What happens here is that calling .sync() always assumes the function returns an awaitable, which is obviously not the case if the function is synchronous as in the original post. However, the docstring doesn't really define whether this is intentional or not, but the sync function which is called internally clarifies that func must be a coroutine. With that said, it seems to me that this is indeed intentional, everything that is called with sync() should return an awaitable, all existing tests assume that too. I'll not claim I know the reasoning behind that decision, but I suspect it is indeed intentional because without this it leaves the door open for users to write blocking code that may never allow the event loop to continue progressing and thus block the application indefinitely.
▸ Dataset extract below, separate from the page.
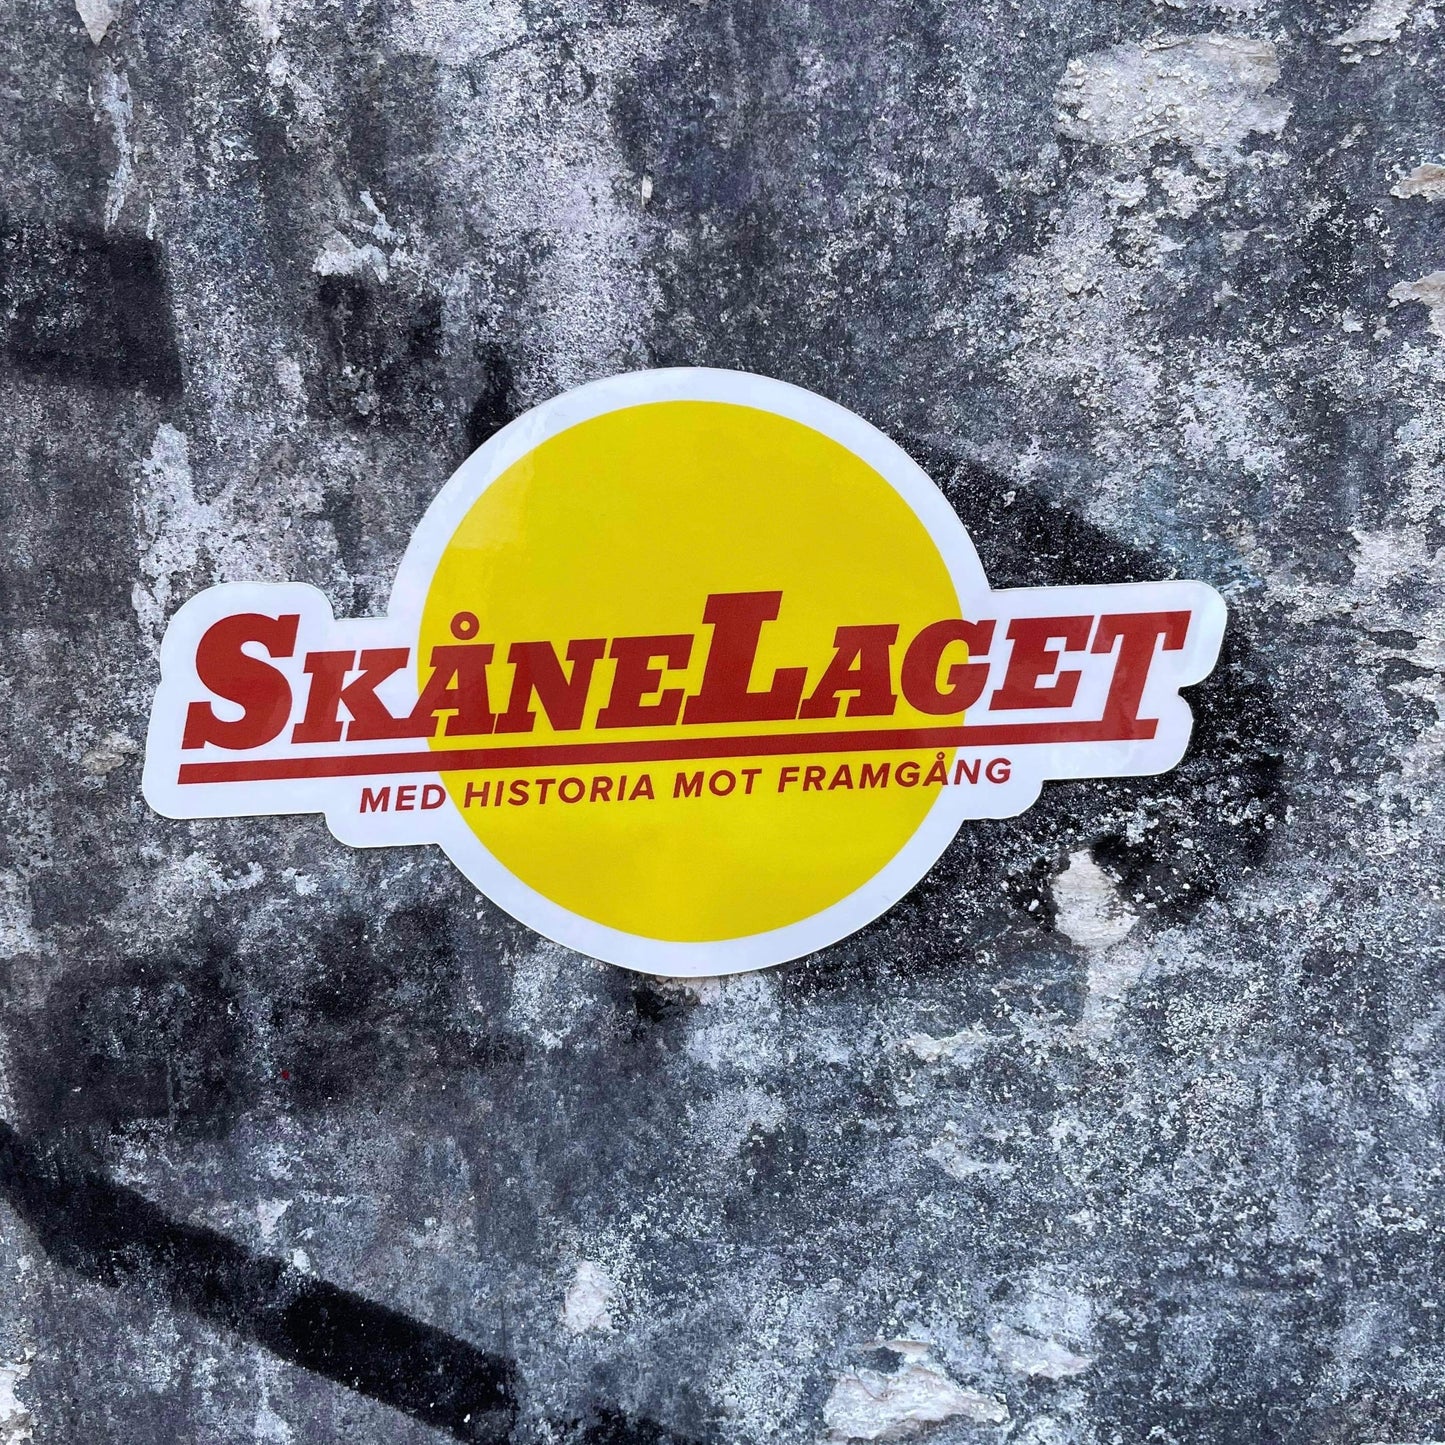 SkåneLaget Profil - 20 st Klibbor
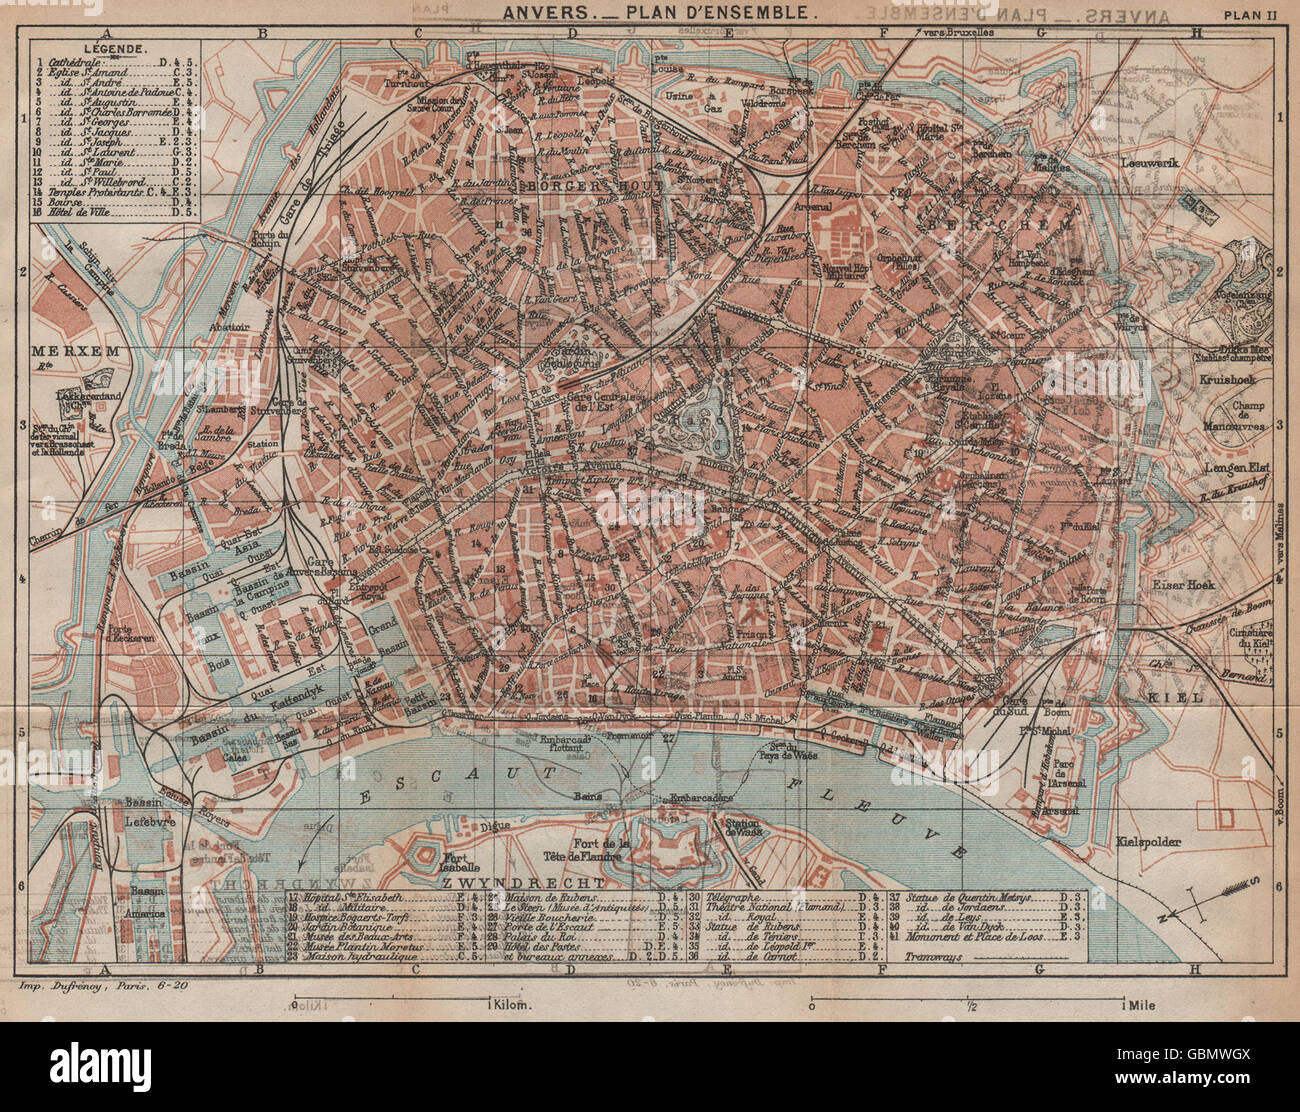 ANTWERPEN-PLAN D'ENSEMBLE. Vintage town city map plan. Belgium. Anvers, 1920 Stock Photo

I think it's probably important to determine whether your function can be made asynchronous, and if not let us know the constraints here. Maybe Distributed maintainers who are more familiar with the internals would also have further comments on the sync() design and constraints, or suggestions how to move forward.

trivialfis commented 4 weeks ago

@pentschev Thank you for the explanation and the references, that makes sense.

I think it's probably important to determine whether your function can be made asynchronous

We have been doing that. I was trying to simplify the code in XGBoost, and the async seems difficult to handle when we also need to handle synchronous code.

It's fine if this is intended behavior. I will close this issue now.